Everything in the listing should be copied exactly, save for the pictures.

━━━━━ Input data ━━━━━

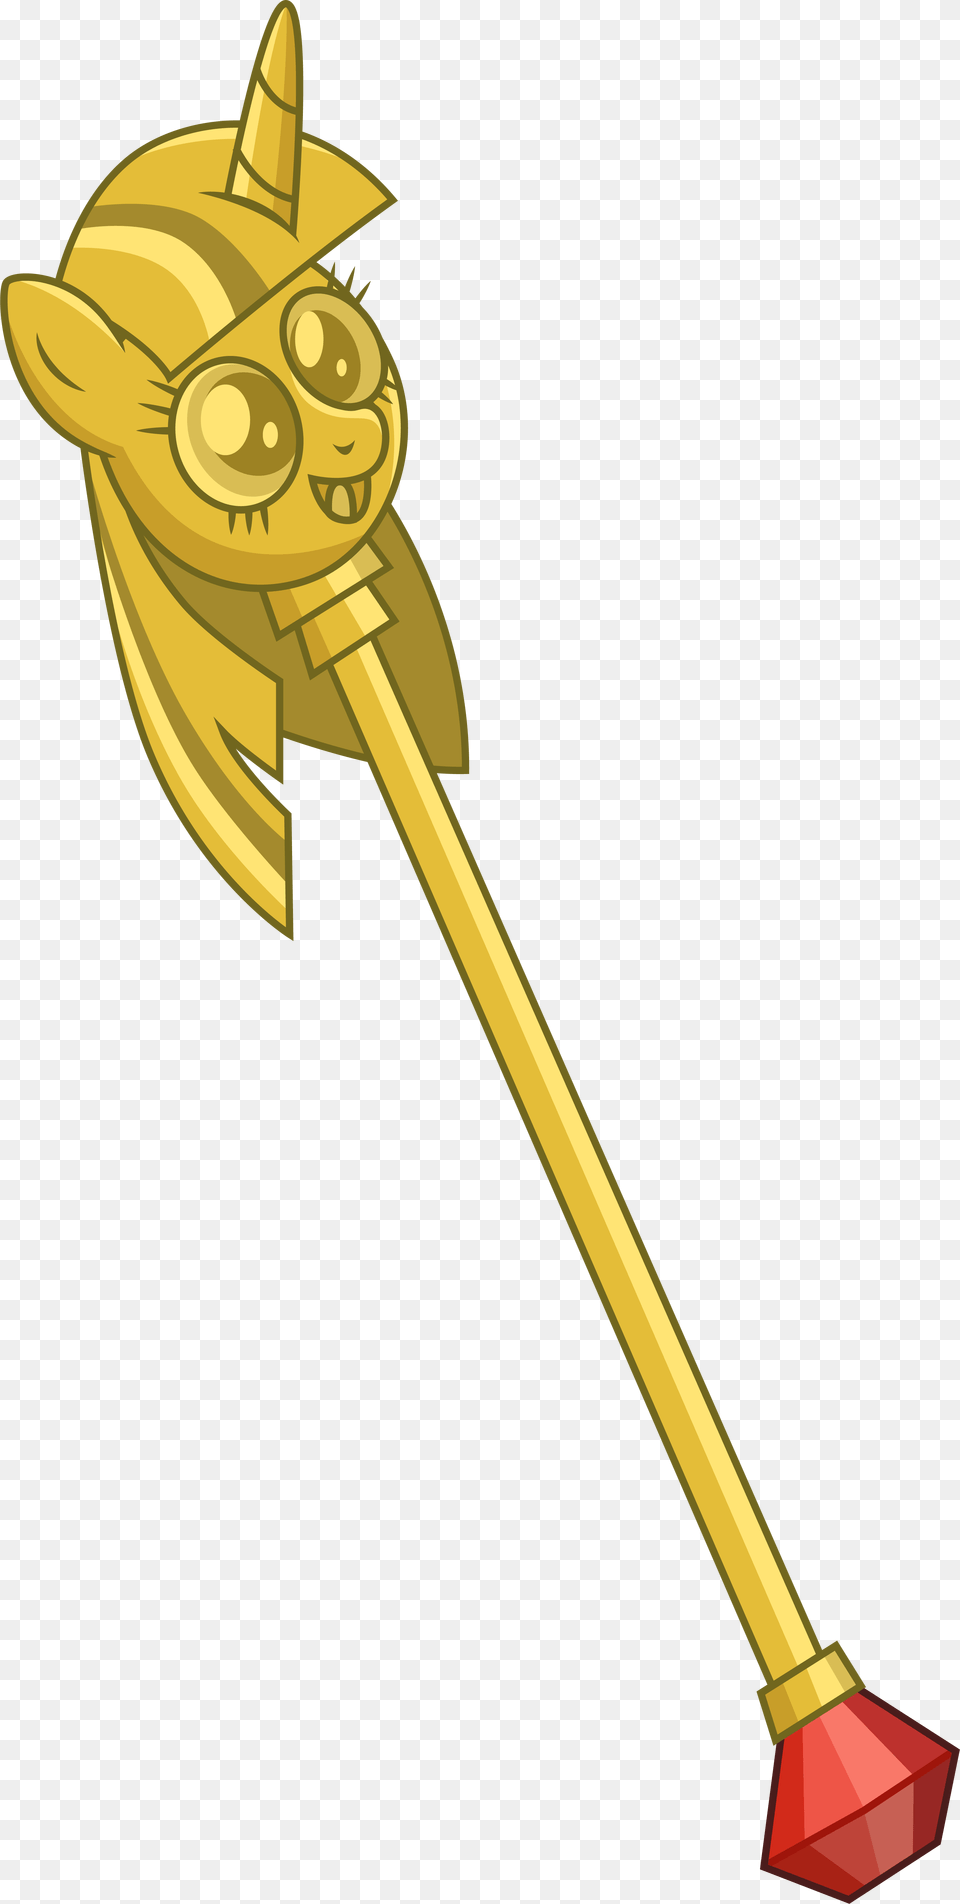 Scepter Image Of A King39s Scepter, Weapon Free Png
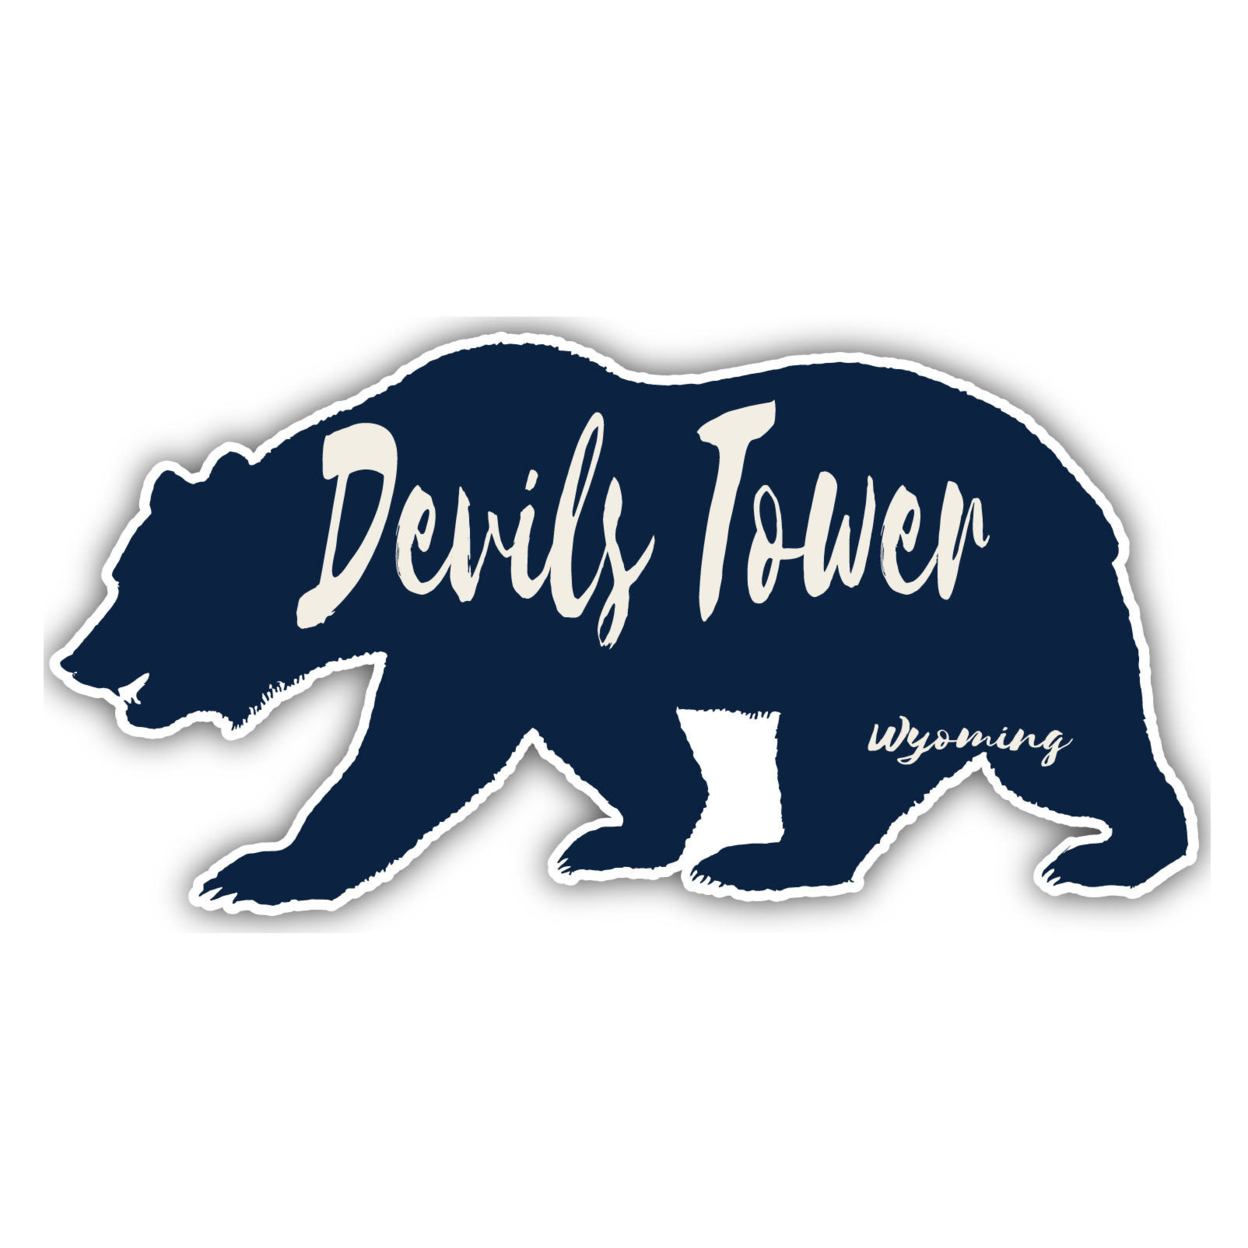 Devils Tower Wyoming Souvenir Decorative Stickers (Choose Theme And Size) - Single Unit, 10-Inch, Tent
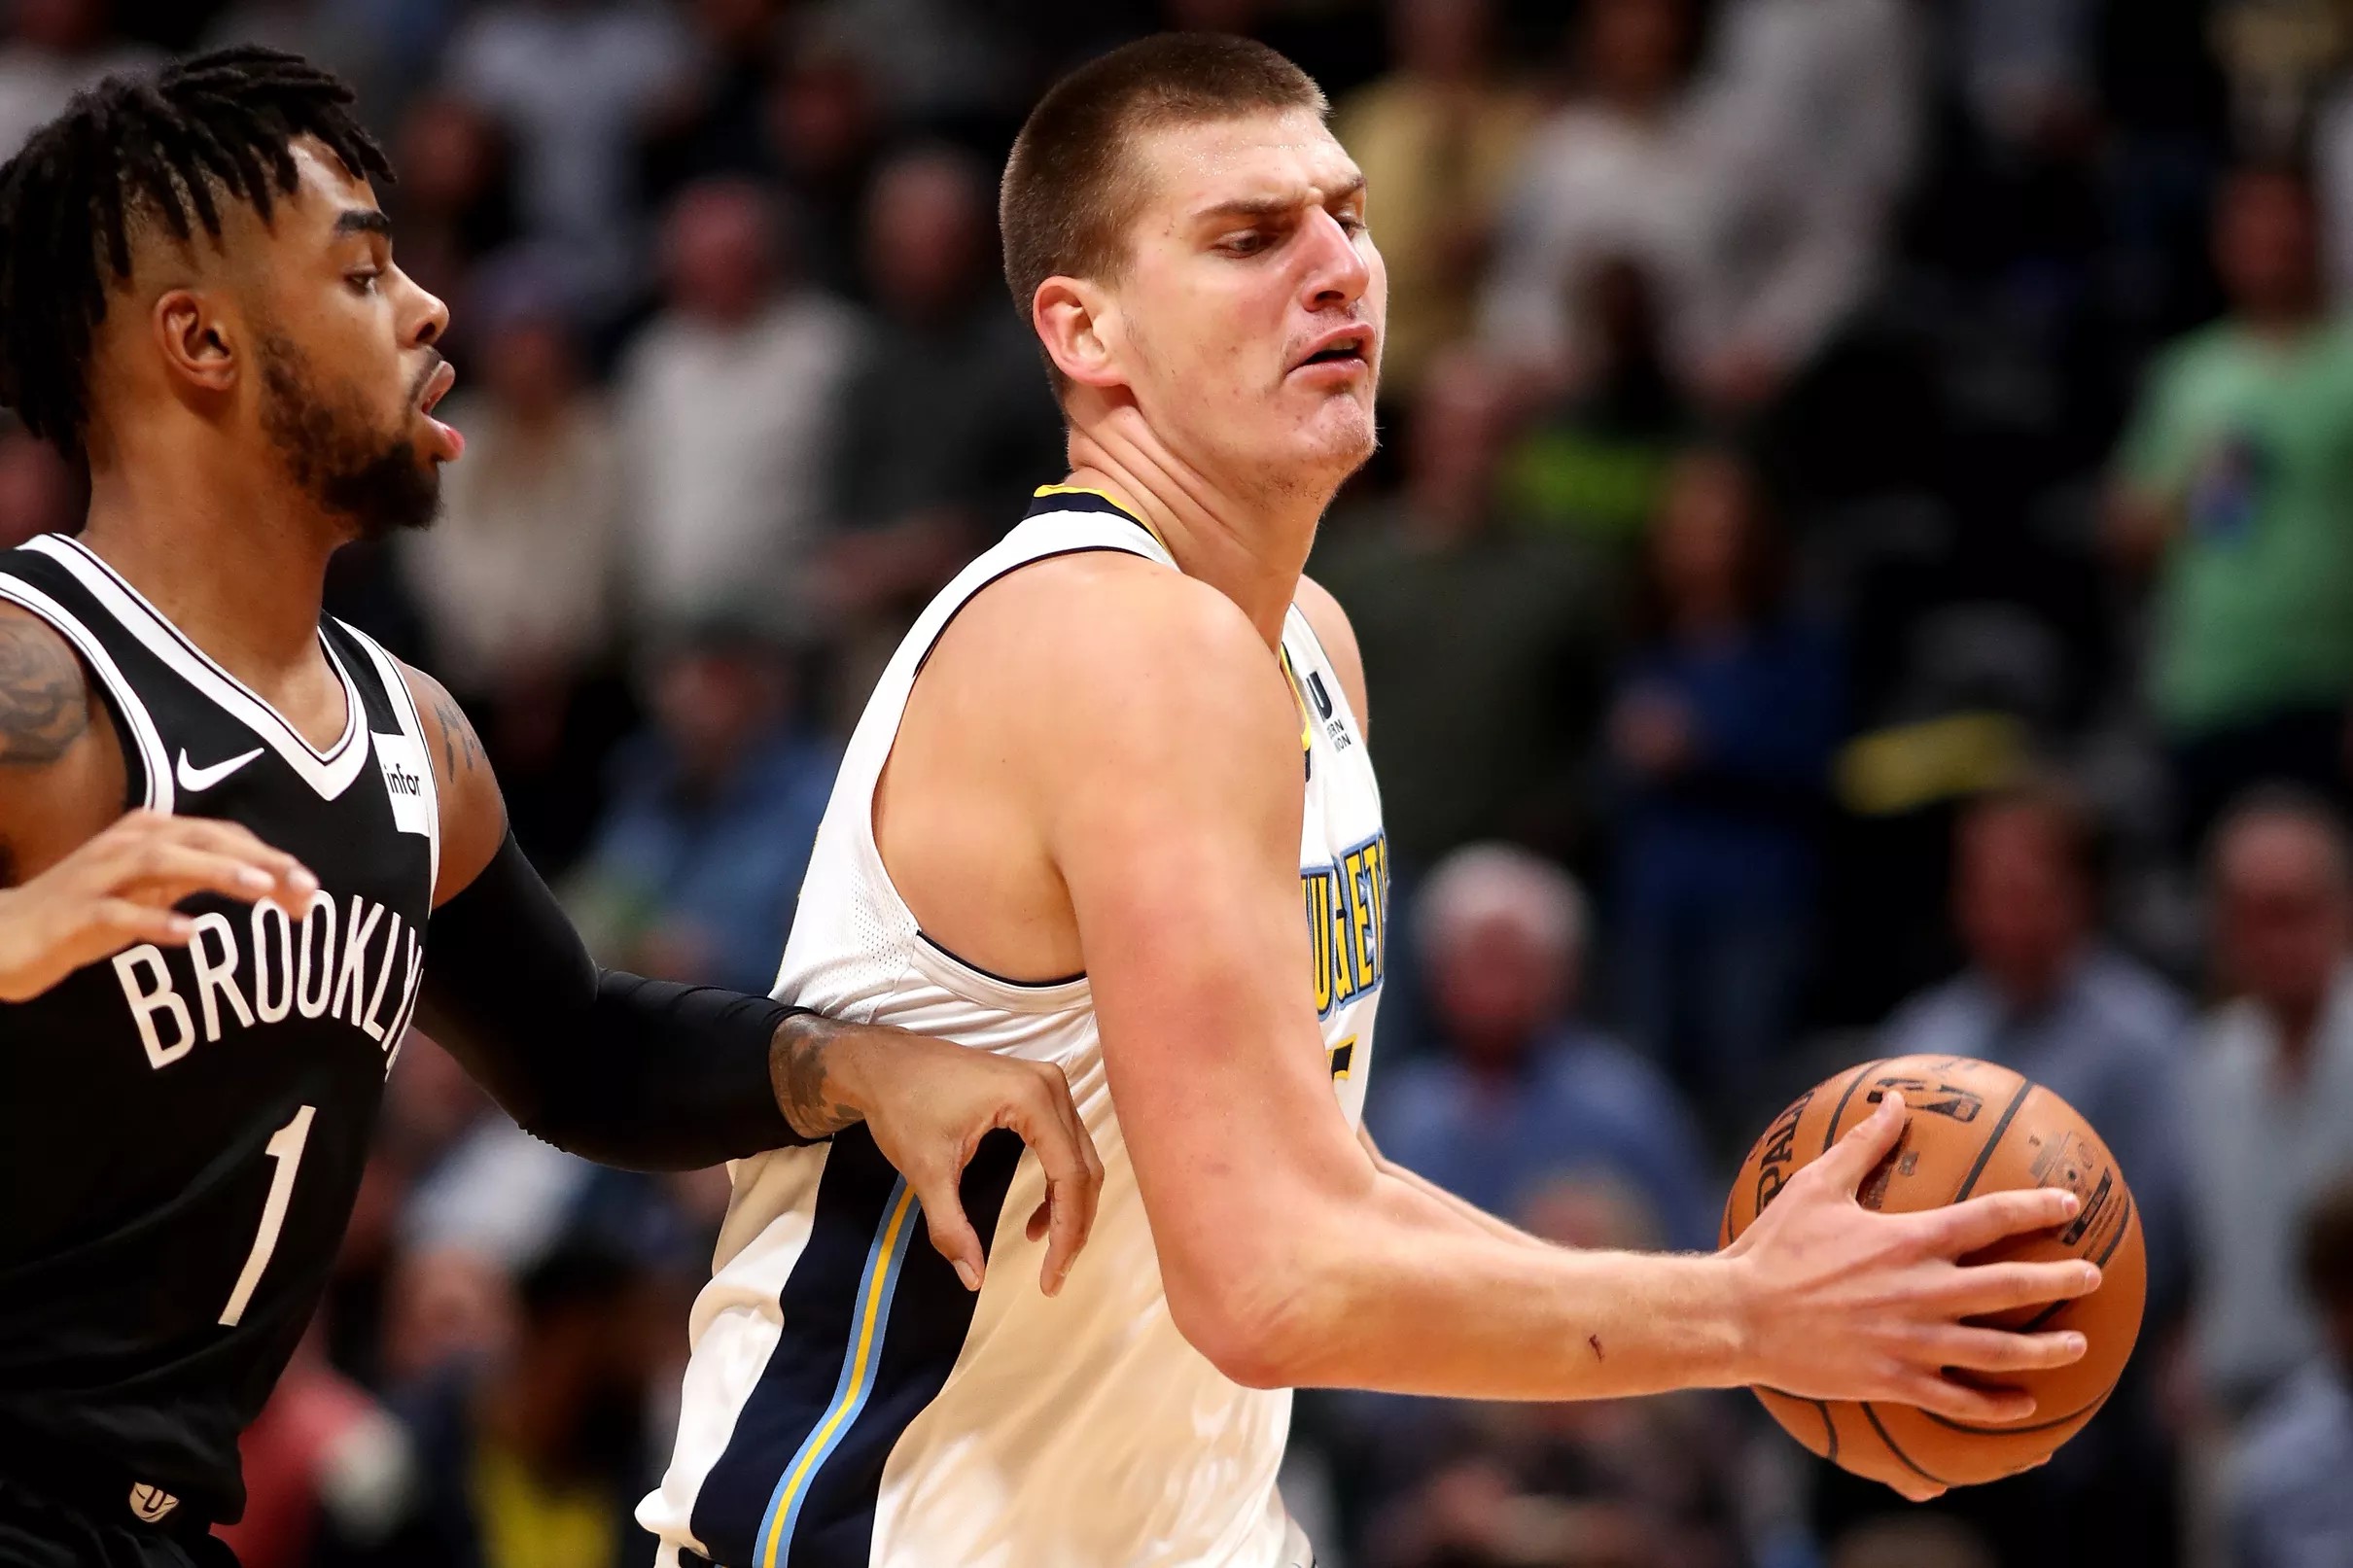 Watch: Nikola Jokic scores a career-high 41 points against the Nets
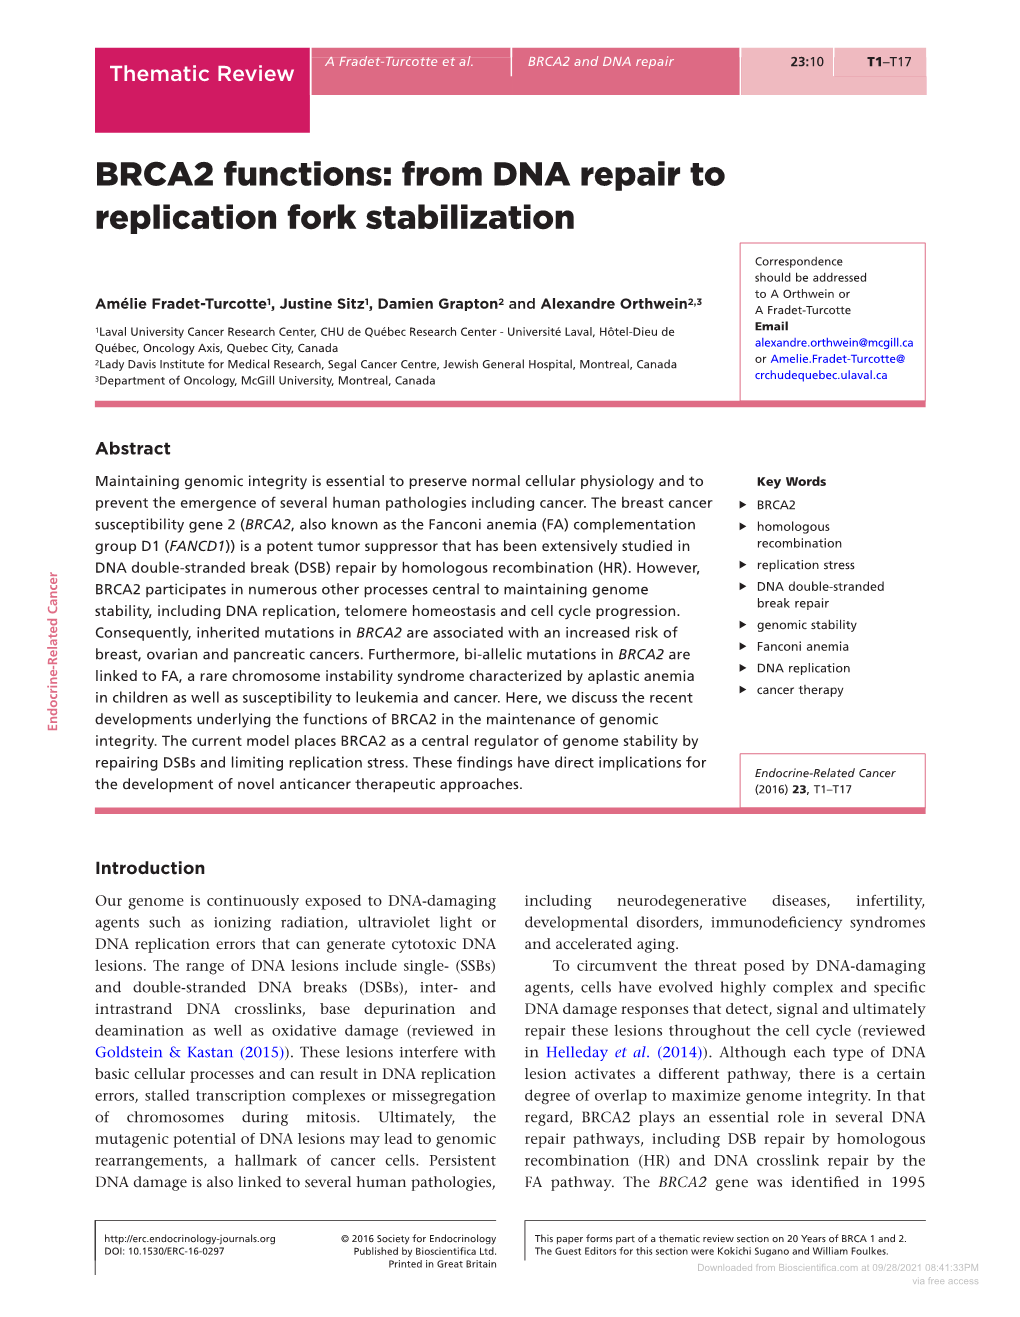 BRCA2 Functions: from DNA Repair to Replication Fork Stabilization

━━━━━

→ **Result below**:
 Scepter Image Of A King39s Scepter, Weapon Free Png
 Devils Tower Wyoming Souvenir Decorative Stickers (Choose Theme And Size) - Single Unit, 10-Inch, Tent
 Watch: Nikola Jokic scores a career-high 41 points against the Nets
 BRCA2 Functions: from DNA Repair to Replication Fork Stabilization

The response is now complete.